Rita and Wallace Davis circa 1965

My cousin Julie writes:

Wallace, ye need to take these childa to see your mother.”

“Aragh ”

Wallace came to Stockport, England in 1955 with his wife Rita (nee Keher) and two stepchildren, Eleanor and Jim.  They went on to have three more children, Margaret, Sean (John) and Julie.

We never knew much about our Dad’s family, “The Davises” other than he was born in Manorhamilton in Co Leitrim, came from a large family, and grew up on a farm.

I suspect life must have been tough for Rita and Wallace; immigrants with a young family, neither of whom had their own family around them for support. This was not untypical of the times; many fled their homestead for one reason or another.

We grew up not knowing of Aunts, Uncles, Grandparents or cousins. The reason for this was never spoken about.

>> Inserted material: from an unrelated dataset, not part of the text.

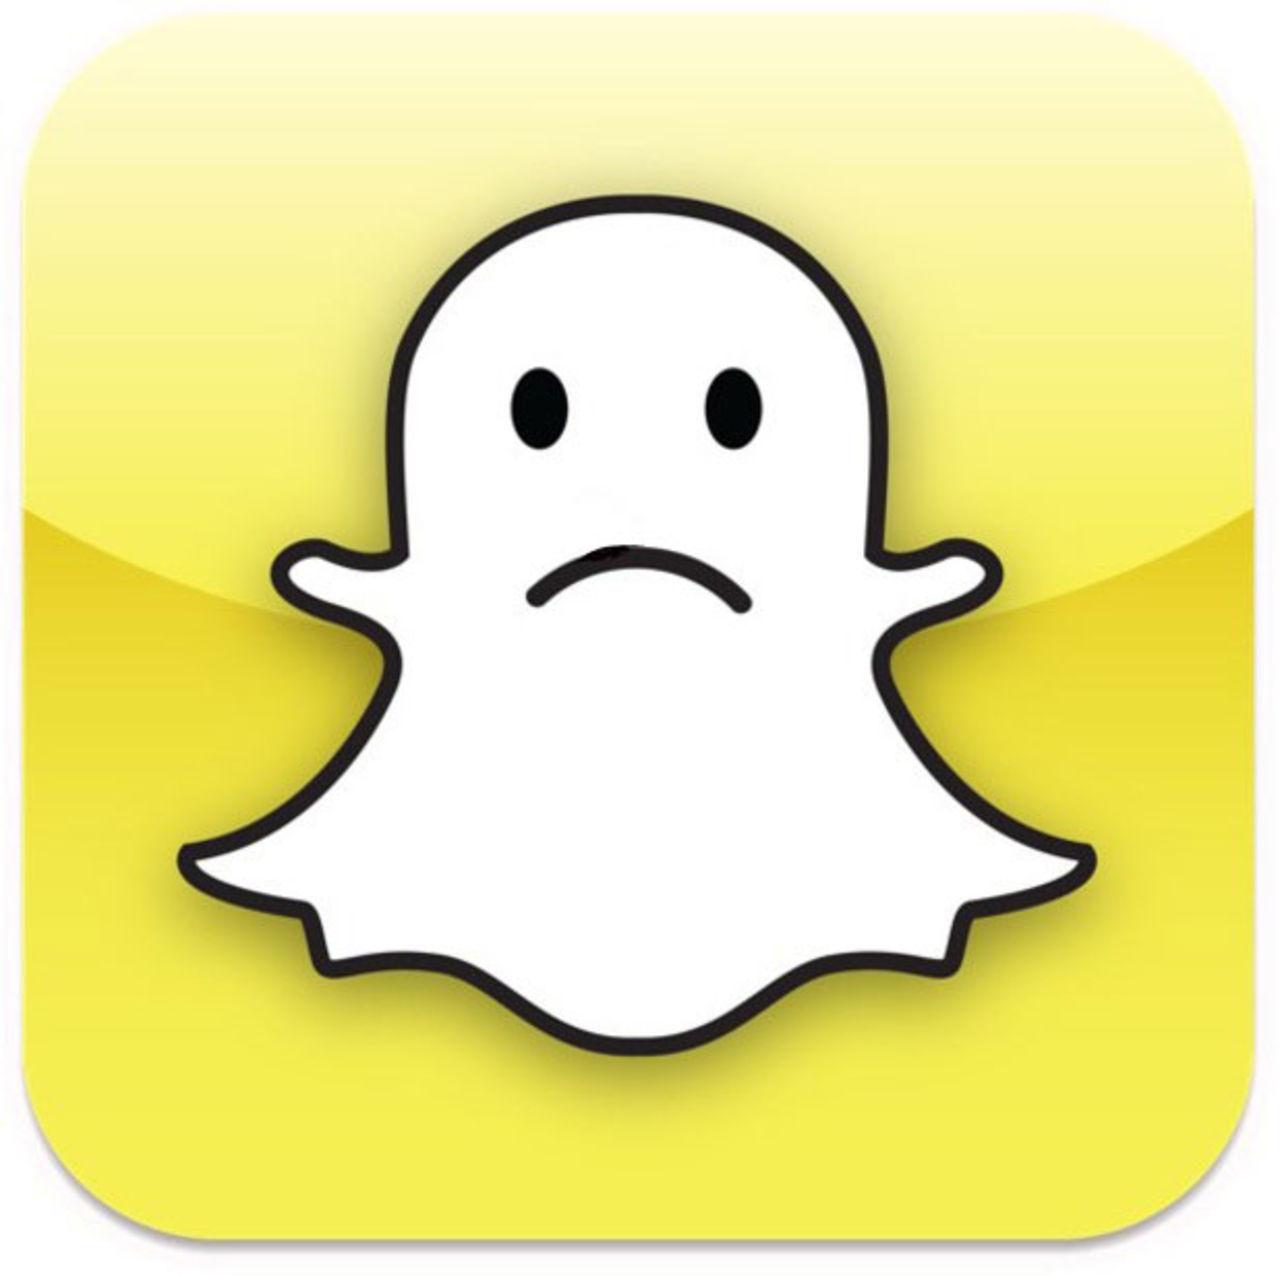 Snapchat avråder från icke godkända tredjepartstjänster
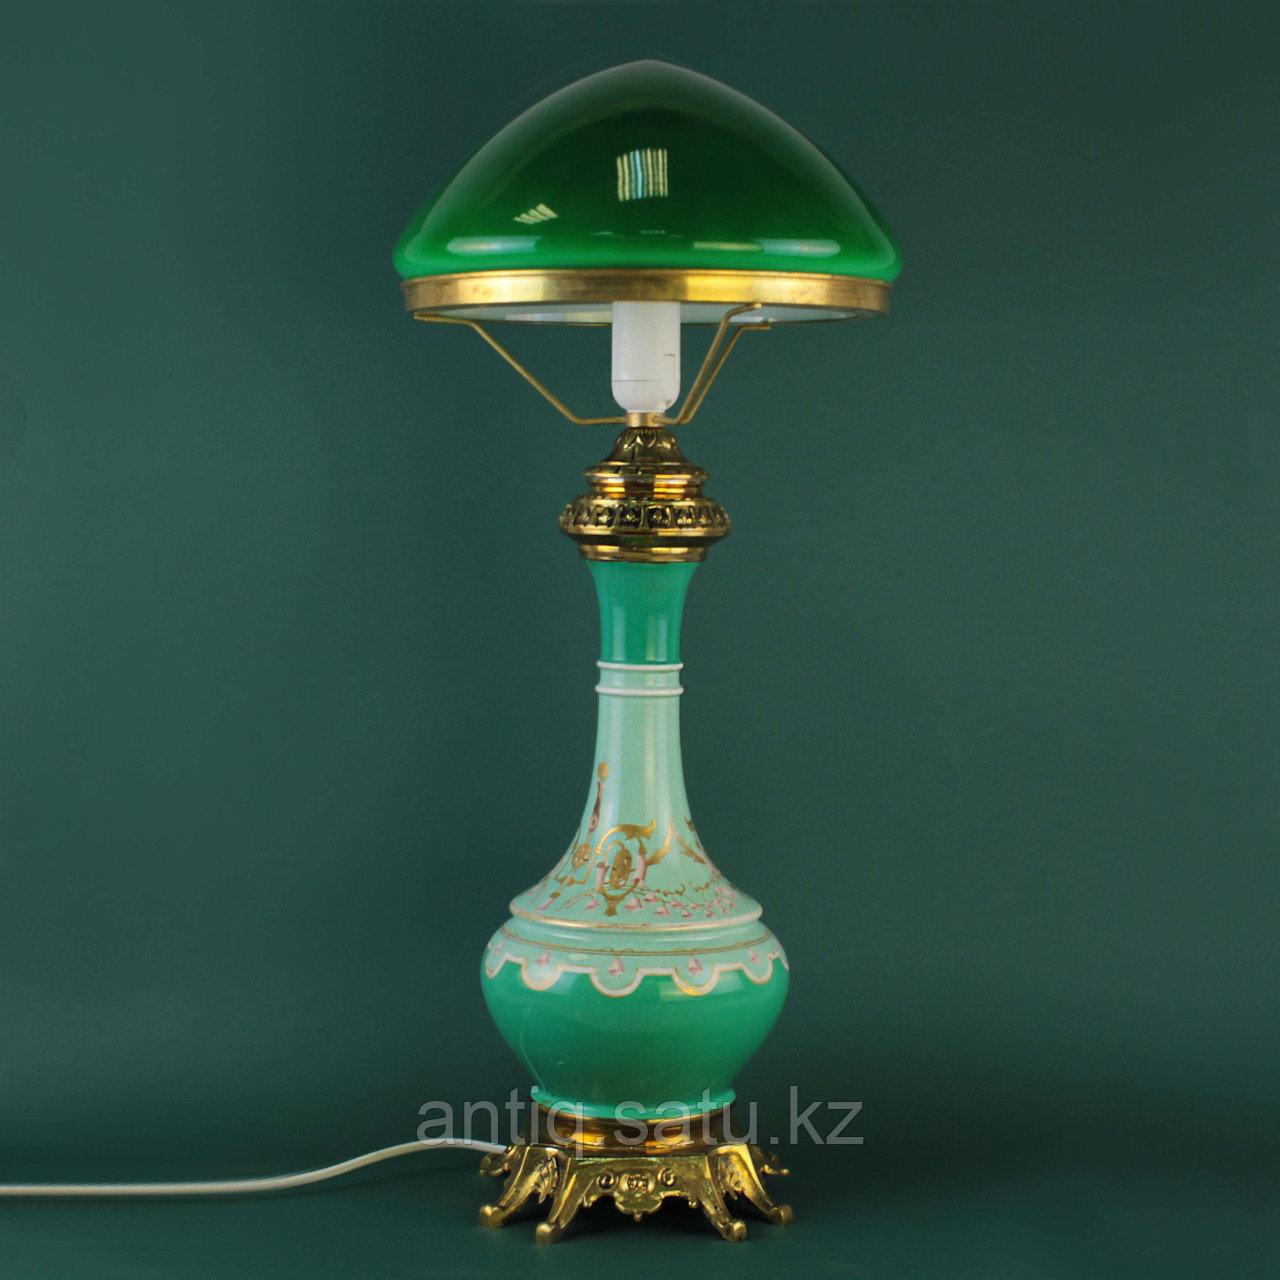 Настольная лампа с зеленым куполом. - фото 4

My only memory of my Grandmother Davis was sitting in the back of a car outside Larkfield, the family home, with Margaret and Sean (I was probably only about 4 years old.) Mum had persuaded Dad that he should visit his mother and let her see her Grandchildren.  Although I was very young, I will never forget how we were left sitting in the car, and not invited into the house.  Our young innocent faces excited to see the Granny we never knew we had. She spoke to us through the car window with cold politeness and sent us on our way. The air of hurt and disappointment to my Dad lingered.  Needless to say, the rest of the journey was silent and shrouded with sadness, for everyone.

It was only years later I learned the very sketchy story of the hostilities that surrounded the family.

Many years later I was lucky enough to visit the “Homestead” as my Dad would call it and to meet some of my Aunts and Uncles for the first time. 

I have attached a photo of me with my Dad meeting my Aunt Phylis and Uncle Cecil for the first time. There were many Aunts and Uncles that, unfortunately, I never got to meet.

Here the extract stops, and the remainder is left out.